In python 3.11 we can encode a string like:
string.encode('ascii', 'backslashreplace')
Which works neatly for say: hellö
=> hell\\xf6
However when I insert hellö w\\xf6rld
I get hell\\xf6 w\\xf6rld
(notice the second one has an literal part that looks like a character escape sequence)
Or in other words the following holds:
'hellö wörld'.encode('ascii', 'backslashreplace') == 'hellö w\\xf6rld'.encode('ascii', 'backslashreplace')
Which obviously means that data has been lost by the encoding.

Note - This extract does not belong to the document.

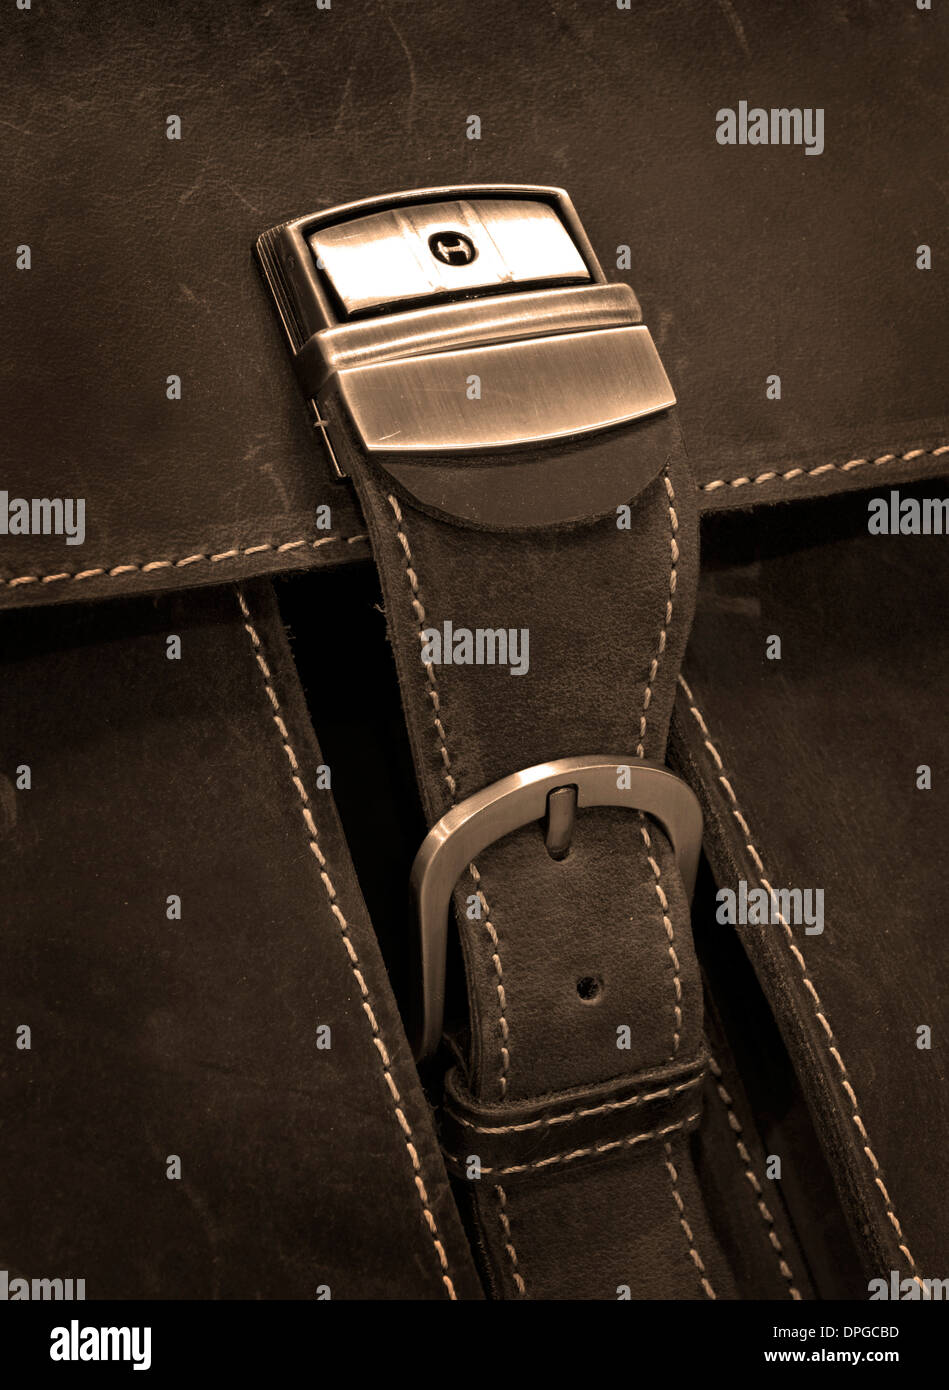 Metal clasp on old leather case with stitching Stock Photo

Is there a way to make python actually encode correctly? So also backslashes are escaped themselves? Or a library to do so?
Use the unicode_escape
codec and no error handler instead of the ascii
codec with error handler. You are getting errors with the data being non-ascii and the error handler is causing the loss. The result will be only ASCII characters but it will handle the backslashes:
>>> 'hellö wörld'.encode('unicode_escape') == 'hell\\xf6 w\\xf6rld'.encode('unicode_escape')
False
>>> 'hellö wörld'.encode('unicode_escape')
b'hell\\xf6 w\\xf6rld'
>>> 'hell\\xf6 w\\xf6rld'.encode('unicode_escape')
b'hell\\\\xf6 w\\\\xf6rld'
If you don't have an ASCII requirement, then just .encode()
(default UTF-8 in Python 3 which handles all Unicode). Then .decode()
to restore.